No model rollout shipped without passing the eval practice: golden datasets, per-field accuracy gates, and production quality monitoring. This is the system that turns AI that demos well into AI that professionals trust with compliance documents.

It is also the receipt behind the headline number. 98%+ automated is not a demo metric; it is measured, gated, and monitored in production. And on review-gated compliance fields, the machine-plus-human system reached ~100%.

06

Guardrails and human review

The human-in-the-loop layer was a product decision, not a fallback. Compliance-critical fields always earn review; confidence thresholds decide everything else. Reviewer corrections flow back into quality monitoring, so the system gets more trustworthy with use.

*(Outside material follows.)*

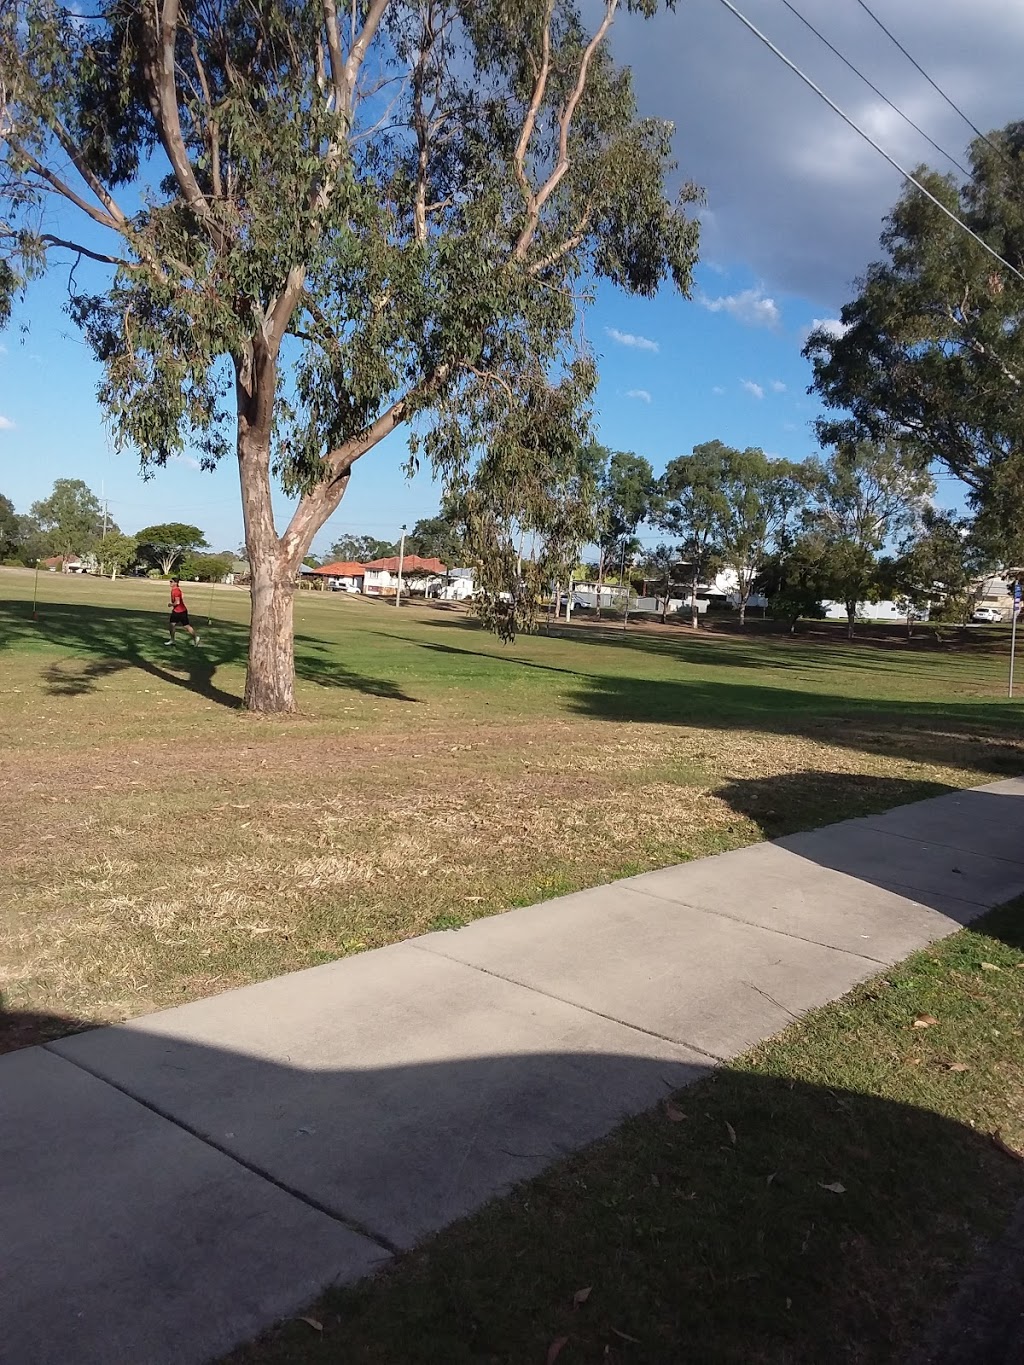 Roy Harvey Park | park | Byth St, Stafford QLD 4053, Australia

The model is never the product. The evals, guardrails, and review systems that earn a professional's trust are the product. That pattern, agents draft and the human reviews, is the same one that now runs a real business.

07

Results

  • 1M+ documents a year

    across the multi-tenant platform

  • ~85% to 98%+ automated accuracy

    and ~100% on review-gated compliance fields, machine plus human

  • 8 business units, 20+ teams

    at 95%+ platform accuracy

  • 2x landlord activation

    with market share from 18% to 30%

  • ~60% less admin time per deal

    in early pilots of the AI-first workflow product

  • $2M+ annual licensing cost eliminated

    via build-vs-buy across 3 vendors plus an internal PoC, integrated in ~4 weeks

The platform earned its place by being boring in the best way: measured, gated, reviewed. That is what “from demo to production” means.